The insertion of expressions mixing arithmetic operators and bitwise boolean operators is a widespread protection of sensitive data in source programs. This recent advanced obfuscation technique is one of the less studied among program obfuscations even if it is commonly found in binary code. In this paper, we formally verify in Coq this data obfuscation. It operates over a generic notion of mixed boolean-arithmetic expressions and on properties of bitwise operators operating over machine integers. Our obfuscation performs two kinds of program transformations: rewriting of expressions and insertion of modular inverses. To facilitate its proof of correctness, we define boolean semantic tables, a data structure inspired from truth tables.

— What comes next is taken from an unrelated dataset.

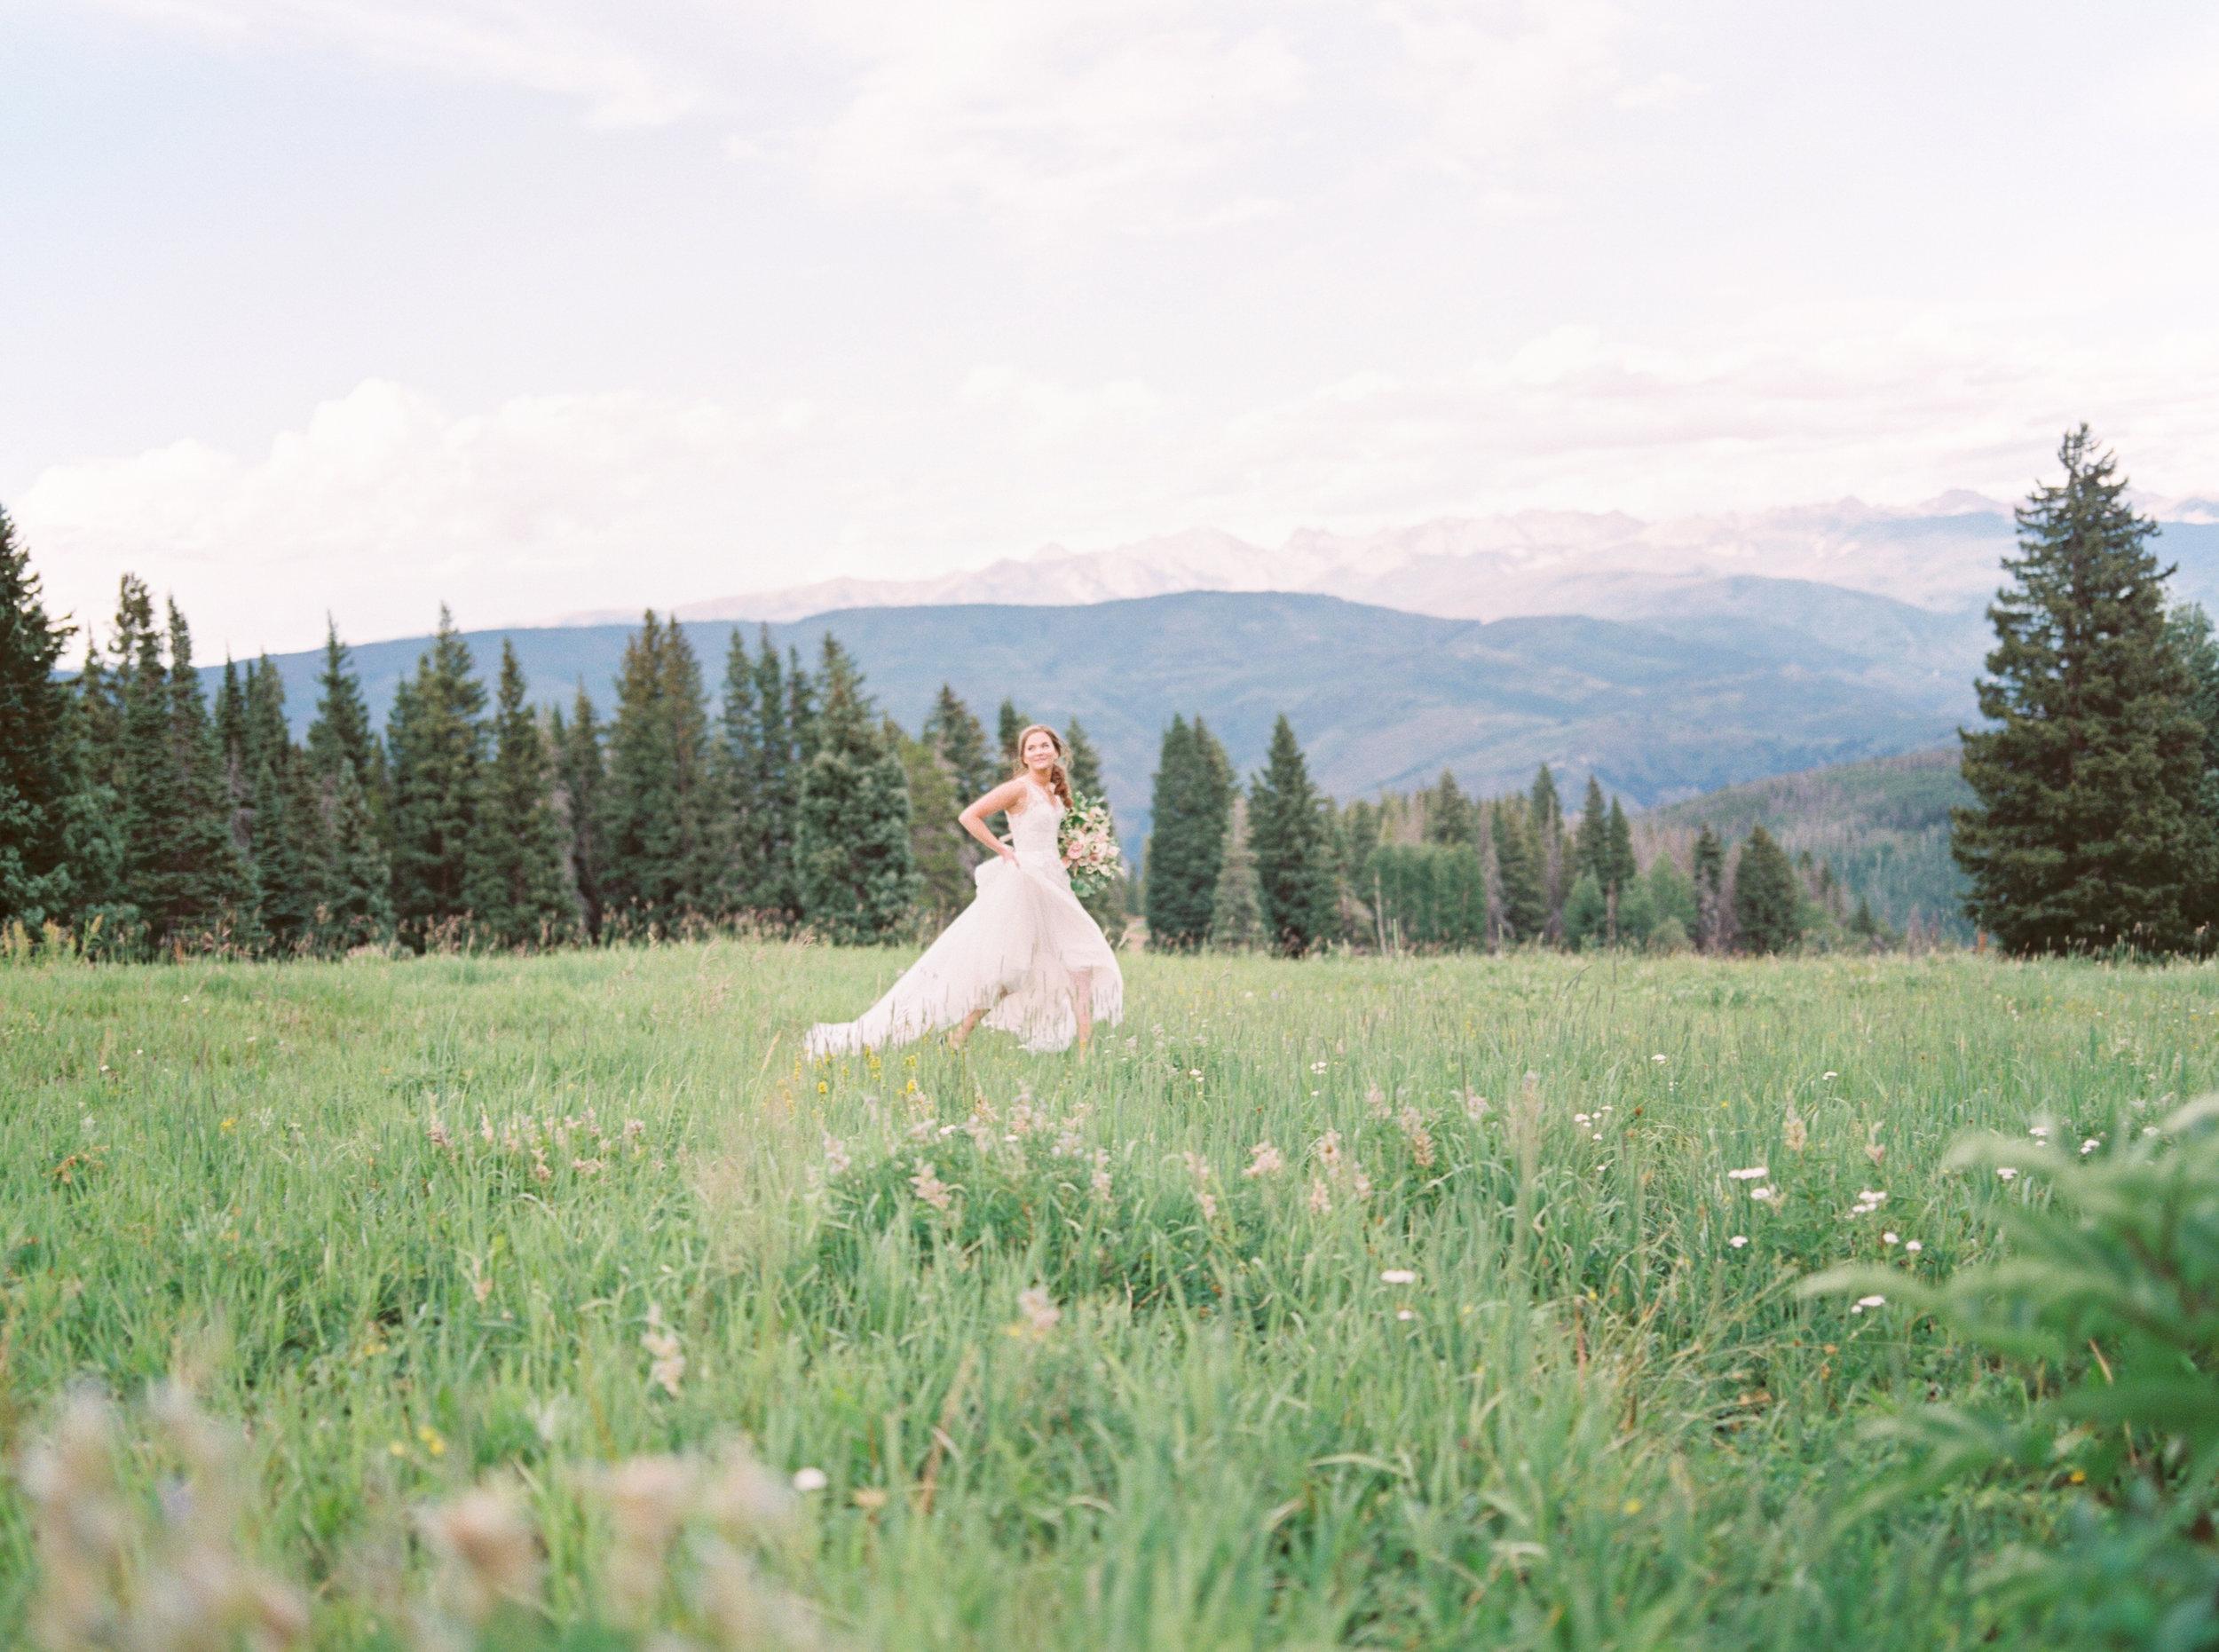 Callie Manion Photography_Beaver Creek Editorial_097 copy.JPG

Our obfuscation is integrated into the CompCert formally verified compiler where it operates over Clight programs. The automatic extraction of our program obfuscator into OCaml yields a program with competitive results.

This work has been submitted to CPP 2019.

The development has been made with Coq 8.8.2 and OCaml 4.06.1. The sources are available here.

Note: the sources contain a modified version of CompCert 3.4. CompCert also requires the Menhir parser generator. Refer to the CompCert manual for detailed information.

- Download and extract the archive:
`tar -xvf CompCert-3.4-obf.tar.xz`

. - Inside the folder, run
`./configure`

with appropriate options (refer to the manual) then`make all`

to:- verify the proofs (this step is CPU-intensive and may take several minutes to complete).
- extract the executable OCaml code.
- compile the modified version of CompCert with the obfuscation based on mixed boolean-arithmetic expression.

- Then, run
`make install`

to install the`ccomp`

executable.

`ccomp file.c -o file -mbaobf cfg.mba`

will compile an obfuscated version of`file.c`

to using the obfuscation intructions in the file`cfg.mba`

.- Adding the option
`-dclight`

will output an obfuscated C version of`file.c`

in`file.light.c`

. - The archive contains two example files :
`test.c`

and`cfg.mba`

. You can run`ccomp test.c -o test -mbaobf cfg.mba -dclight`

at the root of the folder, and observe the obfuscation in the file`test.light.c`

. - In the configuration file (
`cfg.mba`

), each line corresponds to an obfuscation pass, and contains 4 integers :`"a;b;c;d"`

. This intruction will obfuscate the`a`

^{th}expression (Breadth-first search of the AST of the program) using the`b`

^{th}rewrite rule, then introduce the affine function`(2*c+1)x + d`

and its inverse around the freshly obfuscated expression.

The documentation gives a commented listing of the Coq specifications and proofs for the main development files. Proof scripts are folded by default, but can be viewed by clicking on "Proof".

- BooleanDecomposition: useful lemmas for simplification of bitwise operations.
- BinRec: definition of a binary induction principle.
- BooleanSemanticTable: definition of the notion of boolean semantic table.
- MBAexpr: definition of a Mixed Boolean-Arithmetic expression type
- ModularInverse: computation of a modular inverse, using the extended Euclidean algorithm.
- FastModularInverse: computation of a modular inverse, using a fast method.
- EvalDeterminism: additional lemmas over the Clight semantics.
- MBAtoClight: link between MBAexpr and Clight expressions.

- MBAobf: a CompCert compilation pass that obfuscates the program with Mixed Boolean-Arithmetic expressions.
- MBAobfproof: semantic preservation for the MBAobf pass.